Better dive into the ZFS and Boot Environments instead of UFS: http://forums.freebsd.org/showthread.php?t=31662



			
				jonfr said:
			
		

> On my server computer (also Gentoo Linux). I use Aiccu and radvd for IPv6 connection. I also use it as test server for mysql, web pages etc, when I need to do so. Other servers I run on it are dhcpd and dnsmasq for DNS resolving, Samba is also used to transfer files to the web server over the local LAN.



You should not have problems with setting-up these.



			
				jonfr said:
			
		

> But I am sure that I am missing something here. So anything that might be please let me know. Thanks for the help!

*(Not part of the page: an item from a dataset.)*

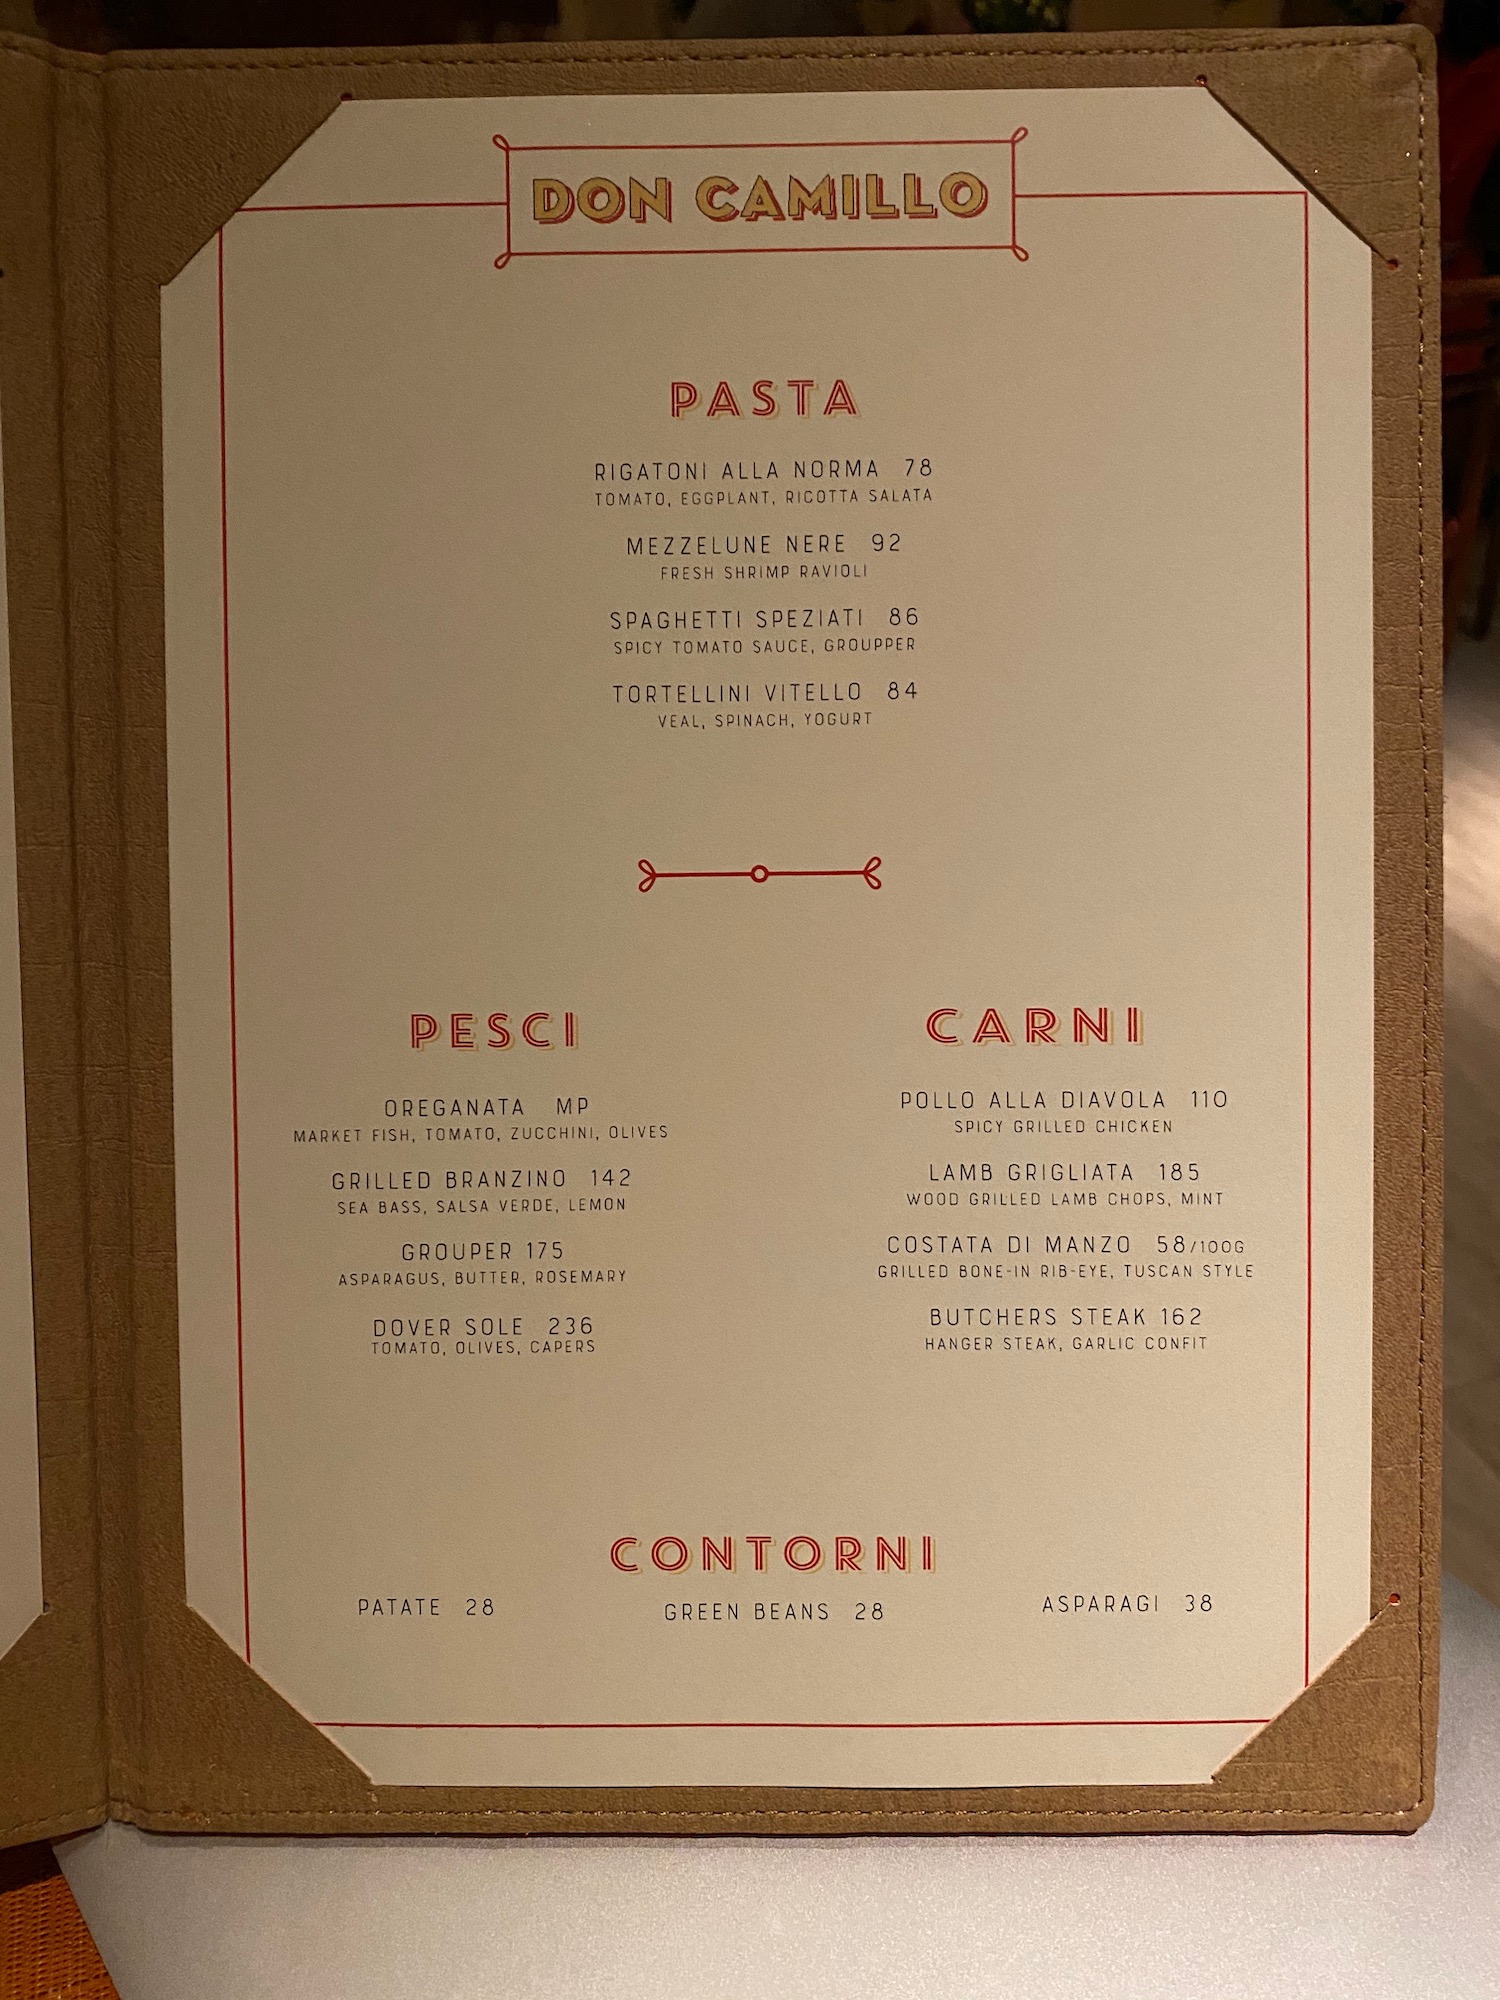 a menu on a cardboard box

If you are comfortable with FreeBSD, then go ahead, start migrating your server to FreeBSD, then desktop, but if you feel, that there are several things/areas where you think you lack some experience/knowledge, pop a VirtualBox virtual machine and test more to be sure how things are/work. Using the specified _ZFS Madness_ HOWTO you can later move that virtual machine onto the physical host.


----------



## throAU (Jun 18, 2012)

You've got backup media right? 


Backup data to file on filesystem both can read (e.g., ZFS, with FUSE on Linux, or FAT, NTFS, network share, etc), then restore into new OS.

If nothing else it will be a good test of your disaster recovery method.

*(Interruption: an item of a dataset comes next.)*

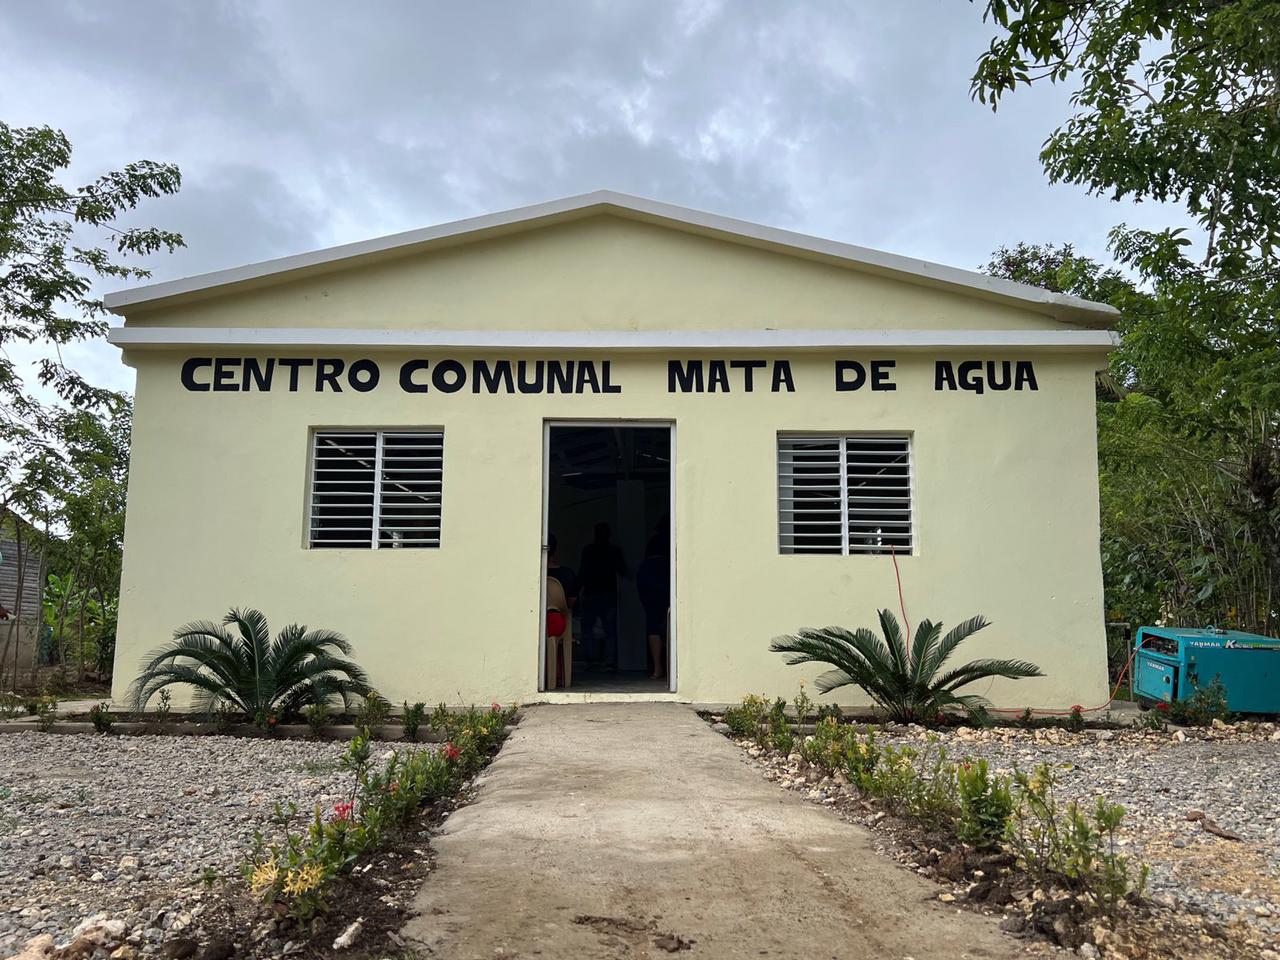 Inauguran centro comunal en la comunidad mata de Agua

Yes, backing up will be painful but seriously if you're not already doing it, there's no better time to start like the present.  Especially if you're trying to transition to a new OS; the unfamiliarity may well end up with you making a terrible mistake resulting and nuking your data.  It does happen.

Also, I don't believe you will be able to convert an ext3 filesystem to a FreeBSD native format without a wipe and restore to that device.


----------



## tingo (Jun 21, 2012)

General answers:

migrate your data to a fileserver, including all your backups. Remember to have the backups in a format that you will be able to use on your new system (.tar.gz., .zip or whatever)
install FreeBSD on a new machine, use it as a temporary workstation - learn and get to know your way around FreeBSD.
when you are comfortable enough, decide on a migration plan and migrate.


----------